If you don’t set the Postgres environment variable then no data is returned.

All the hard isolation without the schema sync pain.

lgas · 2025-04-28T15:57:05 1745855825

> In effect, RLS automatically applies a where clause preventing developers inadvertently accessing the wrong data.

Right, but this assumes that you have a) remembered to enable RLS for every table where it matters and b) configured appropriate rules perfectly for every table. And there are tons of things you can mess up in the rules.

With per-tenant instances none of those things can happen.

andrewstuart · 2025-04-28T20:40:22 1745872822

True it doesn’t work if you do it wrong.

imtringued · 2025-04-27T23:47:39 1745797659

Database per tenant makes write scaling trivial.

scosman · 2025-04-27T18:55:46 1745780146

But read up on scaling limits before going down this path. Last time I checked it capped out at thousands of schemas, but no where near millions.

victorbjorklund · 2025-04-28T13:03:45 1745845425

Not true.

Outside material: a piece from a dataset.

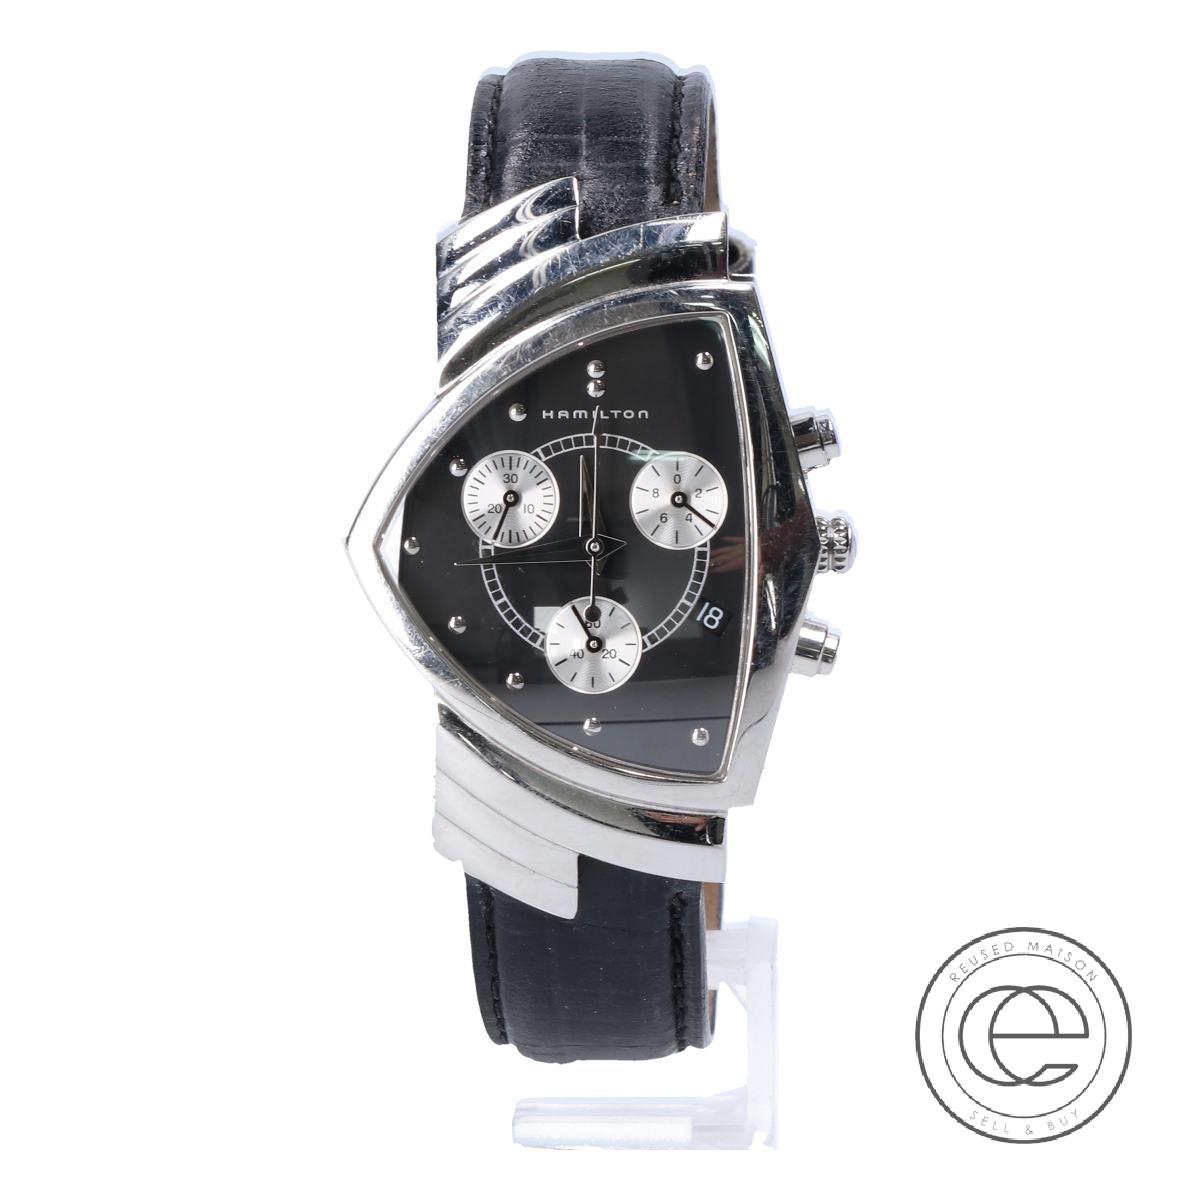 HAMILTONハミルトン H244121 ベンチュラ クロノグラフ 腕時計 シルバー/ブラック メンズ 【中古】
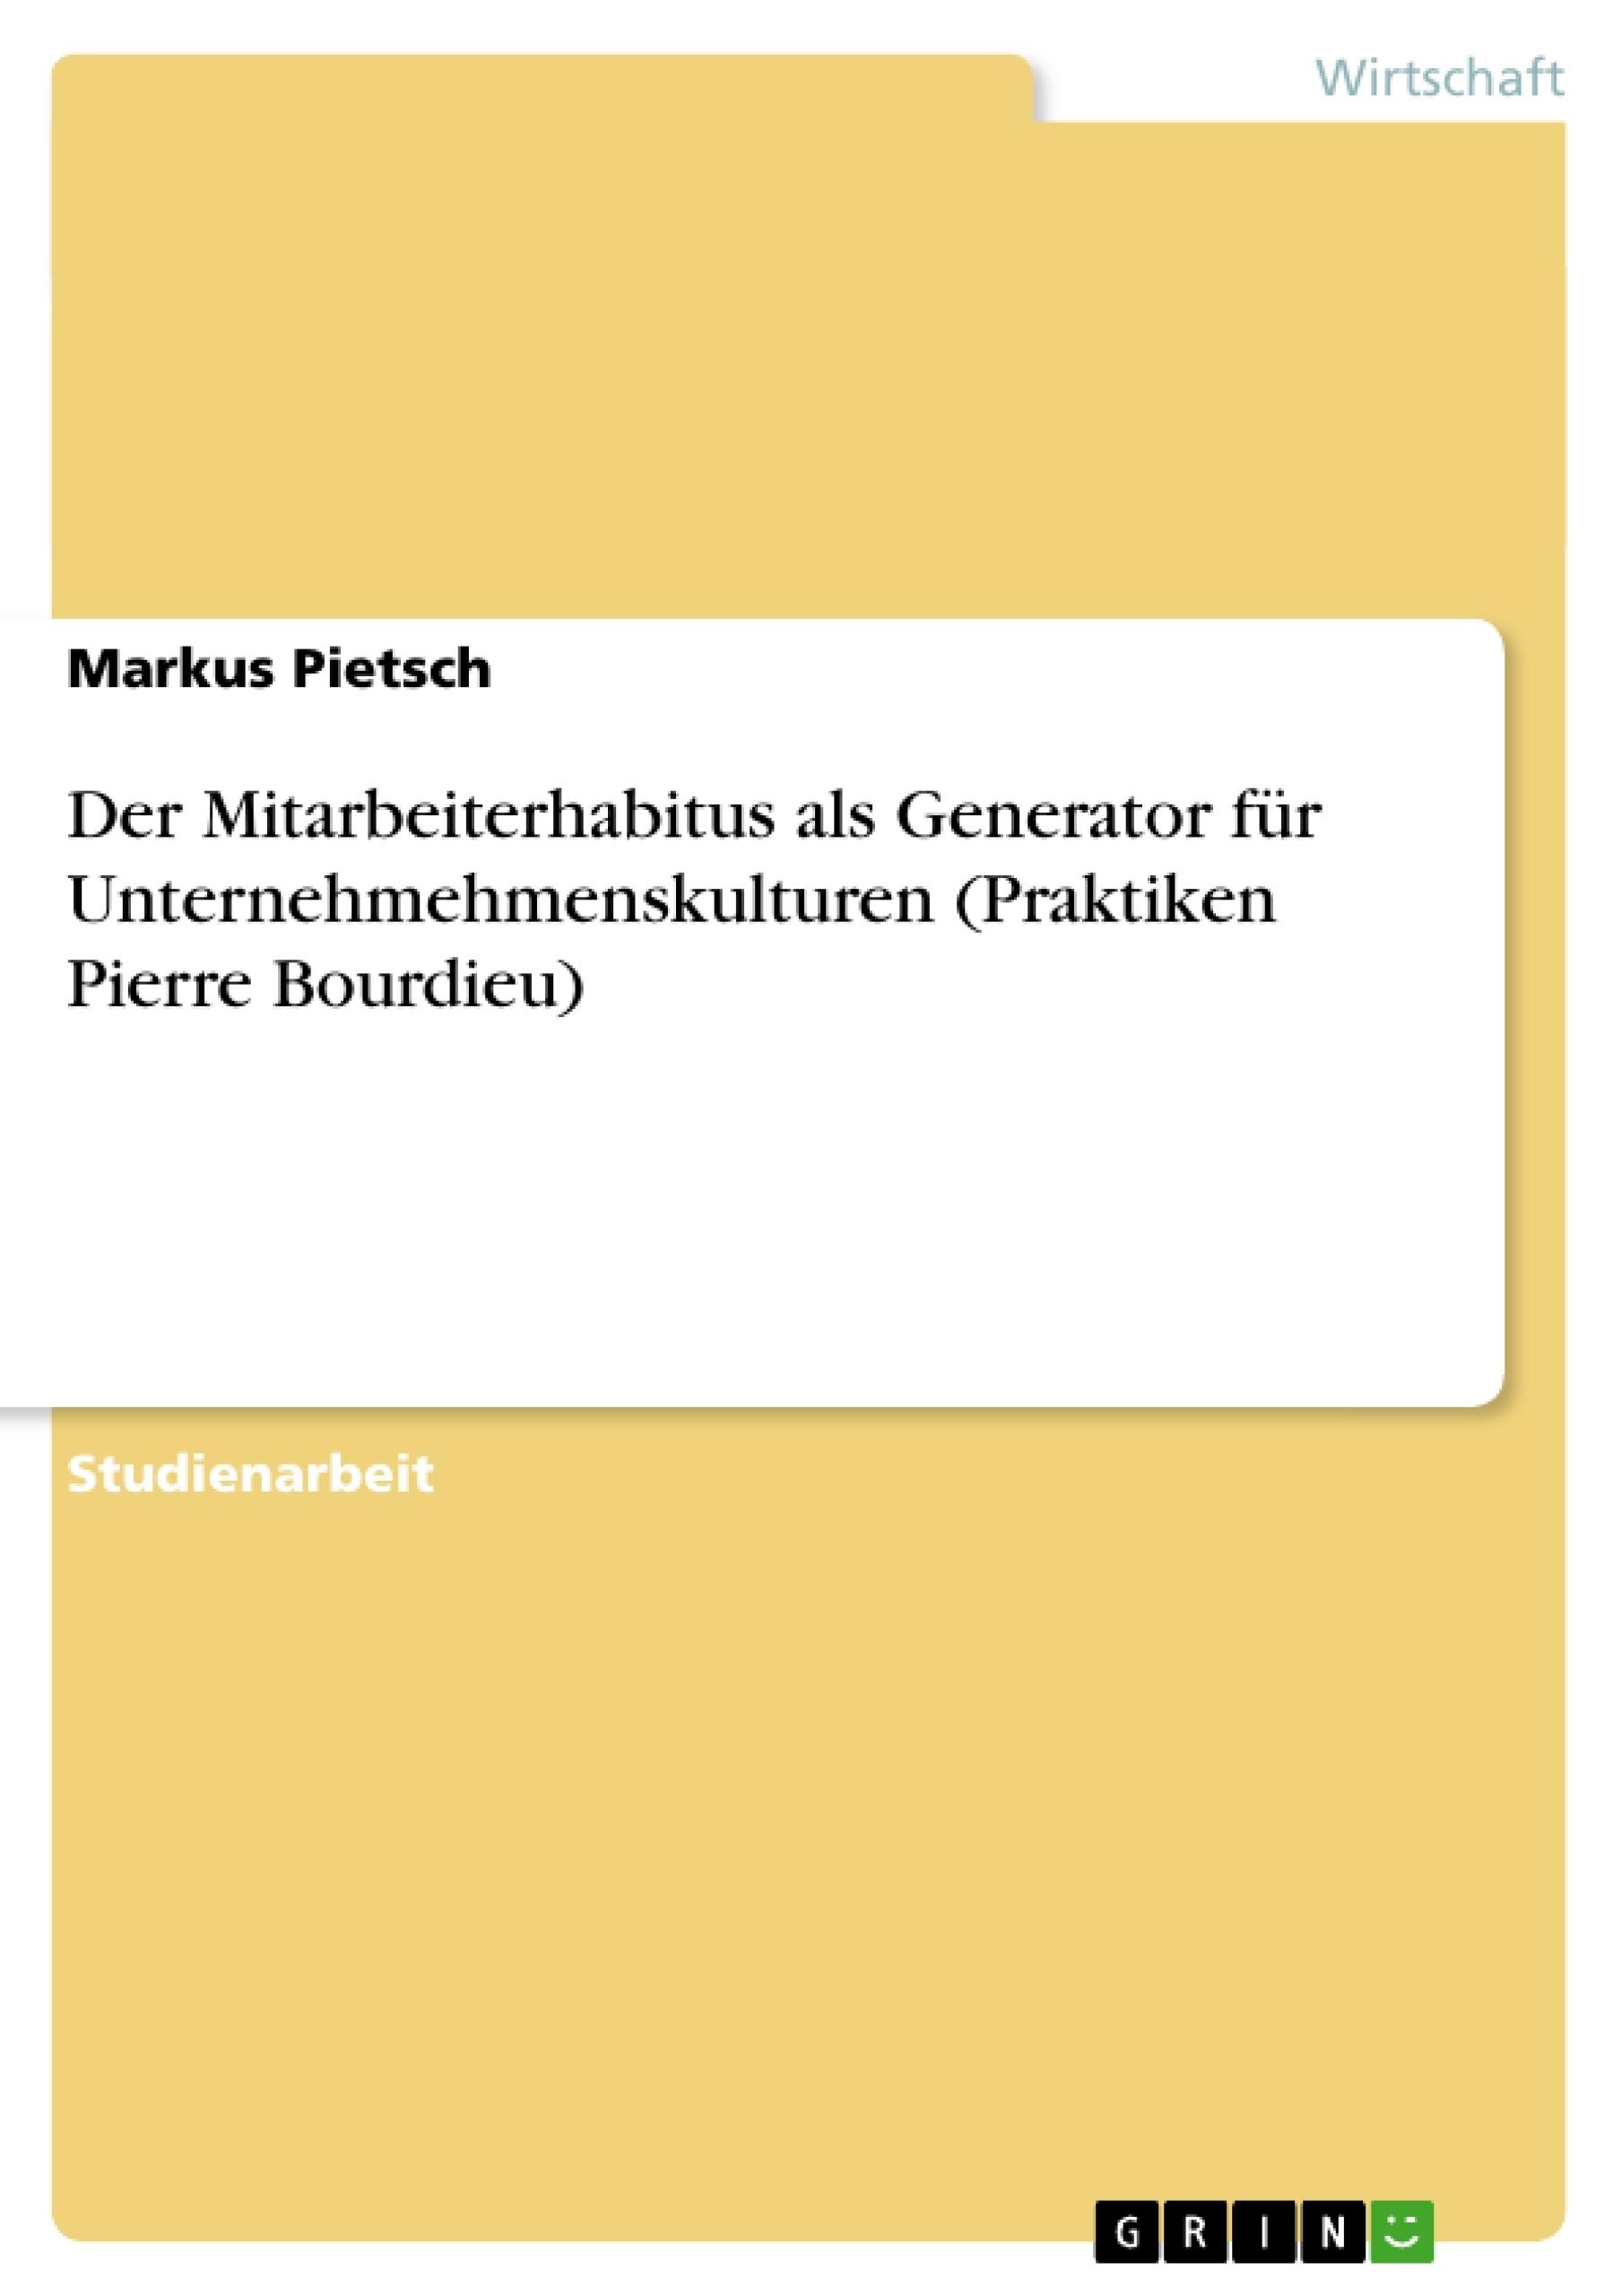 Titel: Der Mitarbeiterhabitus als Generator für Unternehmehmenskulturen (Praktiken Pierre Bourdieu)

There is no upper limit.

https://www.postgresql.org/message-id/24478.1109618520%40sss...

koakuma-chan · 2025-04-27T14:53:28 1745765608

Have you tried applying migrations lazily?

stackskipton · 2025-04-27T15:08:43 1745766523

I worked as Ops person for a company that was database per user and that's we did. Every database had table with its current schema. On login, that current schema would be checked, if it was not up to date, RabbitMQ message was sent and database schema updater would update their database. User would get a screen saying "Updating to latest version" and it was just checking every 15 seconds to see if schema field updated. Most of time, it was done in less than 15 seconds.

For more important customers, you could always preemptively run their database schemas updates for them so they didn't see update screen.

scop · 2025-04-27T19:59:36 1745783976

Interesting! I use a budgeting app that has curious loading screens when you first log in. Sometimes it flies by, sometimes it takes a bit. It doesn’t appear to be related to data import, as data isn’t in sync when you log in. I wonder if what I’m seeing is a tenant migration technique like you describe.

finnh · 2025-04-27T15:26:30 1745767590

(not a worthy comment, but)

I really like the free lunch / free launch pun here, intentional or not.